The Outlier is the only rule that can generate replicating formations among the few hundred thousand rules we examined. Yet its composition looks irregular and arbitrary, which begs the question of how common similarly capable rules are in , the space of all rotationally symmetric 2-D binary CA rules. We performed single-point mutations on its genotype, by flipping the live/dead rule result of one neighborhood in Figure 2 at a time, and found no such capability in any of the mutations. It appears that the Outlier is unique, at least in its immediate adjacent rule space. This, of course, helps very little in answering the question. Nevertheless, the fact that nontrivial emergent behavior occurs on multiple scales in a simple binary CA is intriguing, and the author hopes it will contribute to our understanding of self-replicating structures in CAs.
Acknowledgments
The author thanks Bert Chan and Hiroki Sayama for their encouragement to write this down before venturing further, William P. Cavendish for spotting the period 4 spinner, the reviewer for being remarkably thorough and constructive, and all of them for their valuable comments and suggestions.
References
Appendix 1: Reproducible Programming
The author thanks Keith Y. Patarroyo for independently reproducing the seed run in Figure 4. His procedures are detailed here.
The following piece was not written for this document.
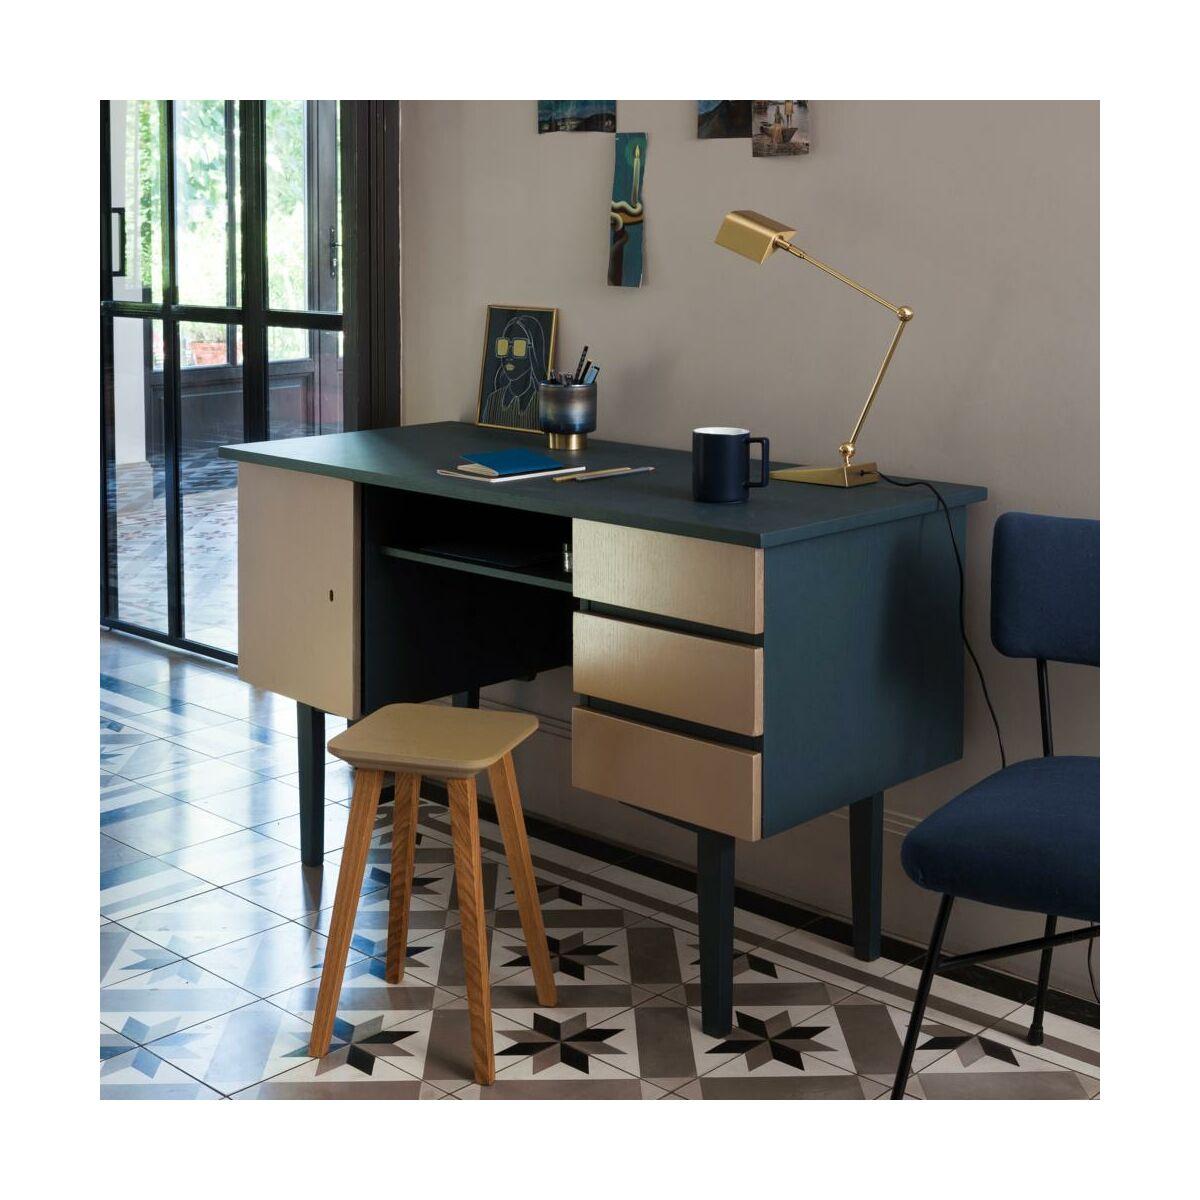 Renovcocina Blanco Renovcocina Blanco Ref 260108 Renovcocina1z1blanco Leroy Merlin Pintura Muebles Muebles Producto

The Outlier rule can be encoded in the RLE format, listed here in Base64 as
ERETQB4eHWkQ7xD4eYZosBQZFixOBHmtFeehExrKVhURLRAqGxeIlSO1JYZP6DRi69rop7TQCkvWTIag7kAS8g
To seed the reproduced run, paste the following data into the public LifeViewer at https://lazyslug.com/lifeviewer/:
x=3, y=3, rule=MAPERETQB4eHWkQ7xD4eYZosBQZFixOBHmtFeehExrKVhURLRAqGxeIlSO1JYZP6DRi69rop7 TQCkvWTIag7kAS8g$bo$3o$2bo!$
It is recommended to turn on “Auto.” The seed configuration on the second line can be modified for further experimentation.
Appendix 2: Period 4 Spinner
The only pure (free from production of extraneous “debris”) periodically occurring cluster observed thus far is the period 4 spinner shown in Figure A1. From random or seed initial conditions, collisions of shape-shifting clusters occasionally result in this spinner, which is usually destroyed after a few periods by collisions with other nearby clusters.